Это случилось пятого сентября, он как раз собирался уходить со службы, чтобы отправиться в Брамсхиллский полицейский колледж, где начинал читать курс лекций для старшего командного состава, когда последовал звонок из приемной Бероуна. Его личный секретарь манеру говорить перенял у своего шефа. Сэр Пол будет весьма признателен, если коммандер Дэлглиш найдет несколько минут, чтобы повидаться с ним. Его устроило бы, если бы мистер Дэлглиш приехал прямо сейчас. Сэр Пол должен будет уехать на встречу со своими избирателями в палату

[6]

приблизительно через час.

Бероун нравился Дэлглишу, но условия встречи были для него неудобны. В Брамсхилле его ждали лишь после обеда, и он планировал использовать свободное время, чтобы по дороге на север Гэмпшира посетить шерборнскую церковь Святого Иоанна, а еще уинчфилдскую, пообедать в пабе близ Стратфилд-Сэй и прибыть в Брамсхилл так, чтобы успеть нанести обычный визит вежливости коменданту перед лекцией, начинавшейся в половине третьего. Ему подумалось, что он достиг уже того возраста, когда человек стремится к удовольствиям не так страстно, как в молодости, однако непомерно огорчается, если его планы срываются. В связи с созданием нового отдела в СИ-1 у него много времени ушло на утомительные и не всегда безоблачные предварительные переговоры, и теперь он с облегчением настроился на мирное созерцание в одиночестве алебастровых скульптур, витражей шестнадцатого века и внушающего благоговейный трепет убранства Уинчфилда. Впрочем, скорее всего встреча с Полом Бероуном не грозила отнять у него много времени, так что, возможно, его планы еще могли осуществиться. Он оставил дорожную сумку в кабинете, надел твидовое пальто, чтобы защититься от утреннего осеннего ветра, и отправился в министерство на метро, до станции «Сент-Джеймс».

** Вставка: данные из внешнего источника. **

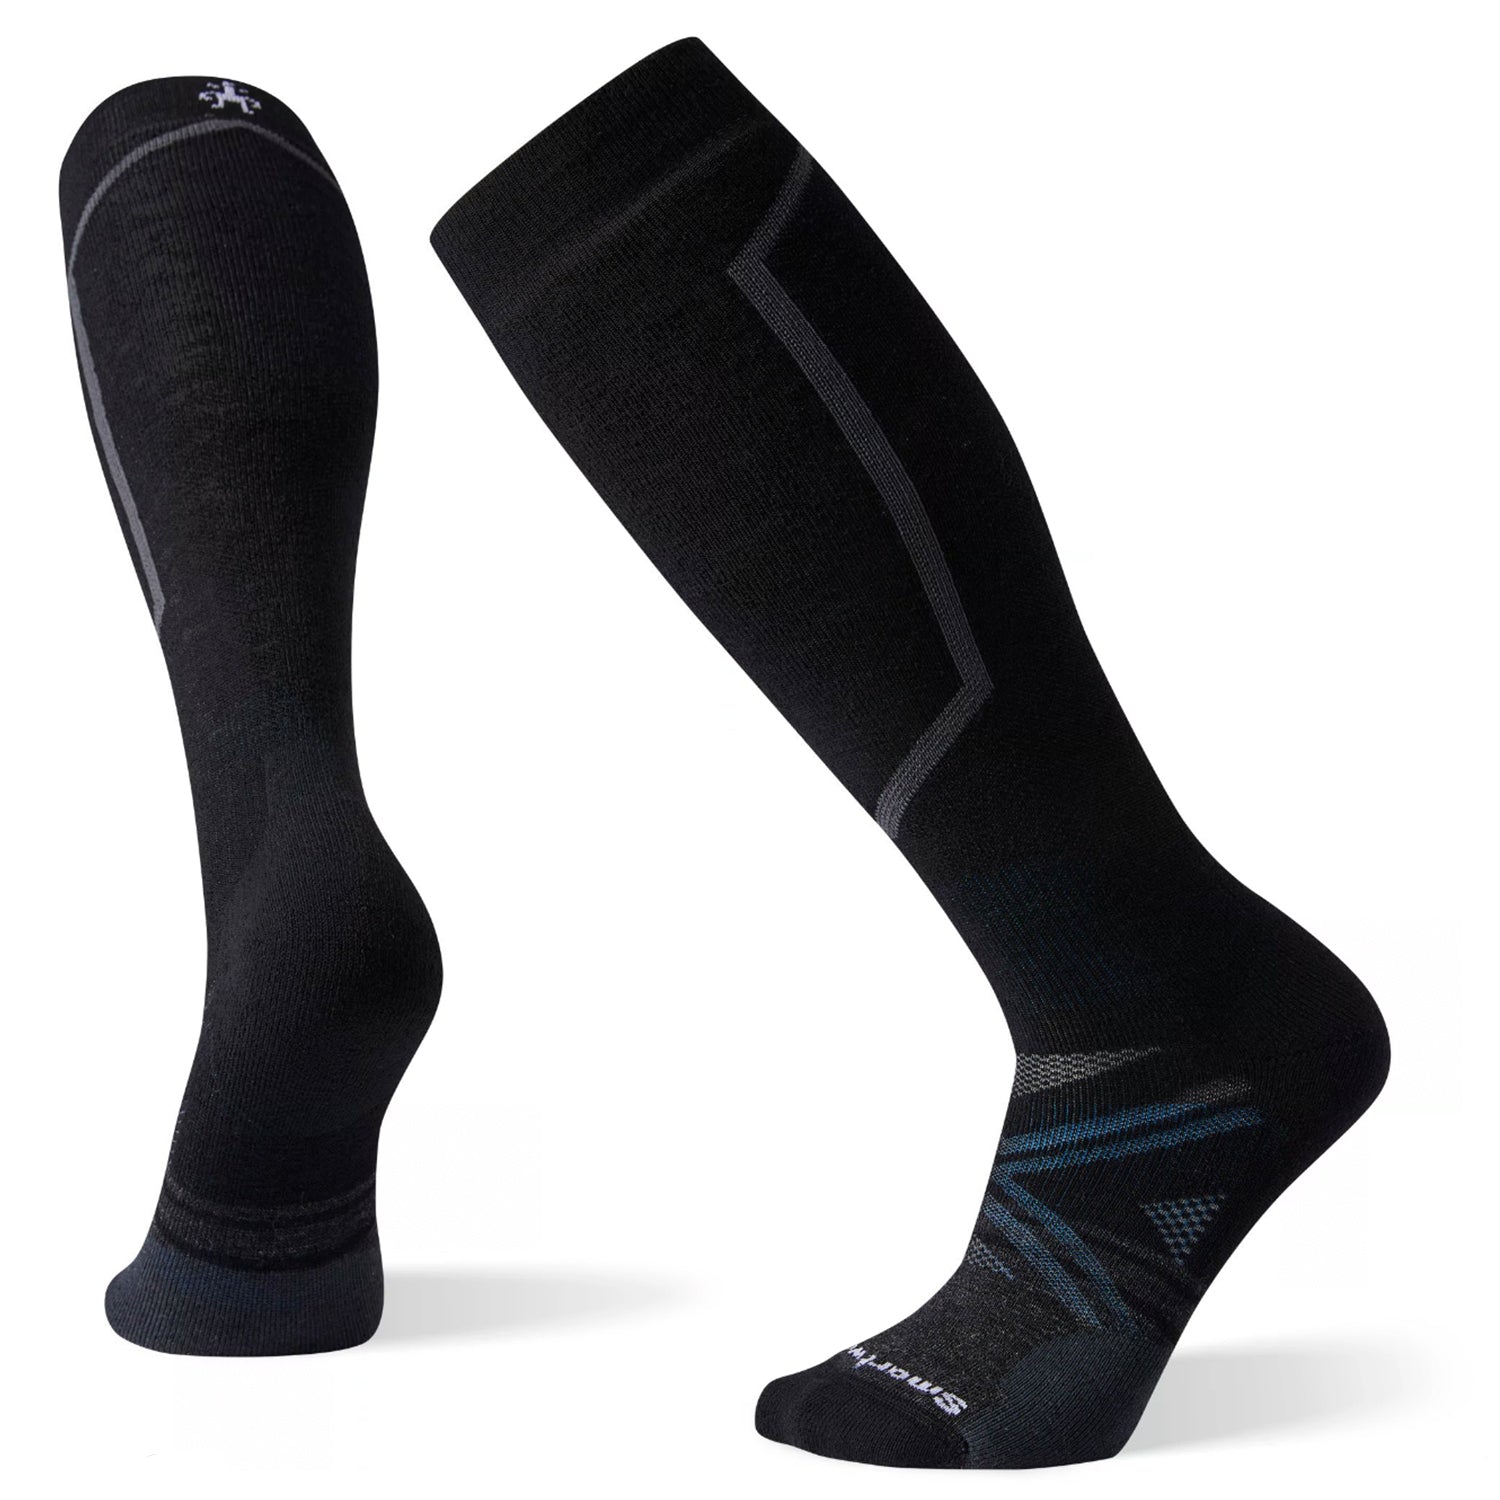 Smartwool Unisex Ski Full Cushion Over the Calf Socks - Black

Проходя через вертящуюся дверь, он в который раз подумал, насколько больше нравилось ему готическое великолепие старого здания Уайтхолла. Он знал, что оно бесило сотрудников, в нем было неудобно работать. В конце концов, его строили тогда, когда помещения отапливались угольными каминами, которые обслуживала целая армия прихлебателей, и когда горы рукописных документов, тщательно составленных легендарными министерскими чудаками, позволяли руководить событиями, контроль над которыми теперь требует трех отделов и пары младших секретарей в придачу. Это новое здание, безусловно, было шедевром в своем роде, но если архитектор ставил перед собой задачу воплотить идею сильной власти, смягченной гуманизмом, то Дэлглиш не был уверен, что он в этом преуспел. Здание больше подошло бы для международной корпорации, чем для гигантского государственного аппарата управления. Особенно недоставало Дэлглишу писанных маслом портретов, облагораживавших величественную парадную лестницу Уайтхолла. Его всегда занимало, как художники разного уровня таланта справлялись с задачей возвеличить заурядные и порой непривлекательные черты своих моделей, используя для этого чисто визуальный прием: облачая их в великолепные наряды и придавая пухлым лицам выражение сурового осознания собственной причастности к имперской власти. Хорошо хоть убрали фотопортрет принцессы-цесаревны, еще до недавнего времени украшавший главный вестибюль. Он куда больше подходил для витрины какого-нибудь парикмахерского салона в Уэст-Энде.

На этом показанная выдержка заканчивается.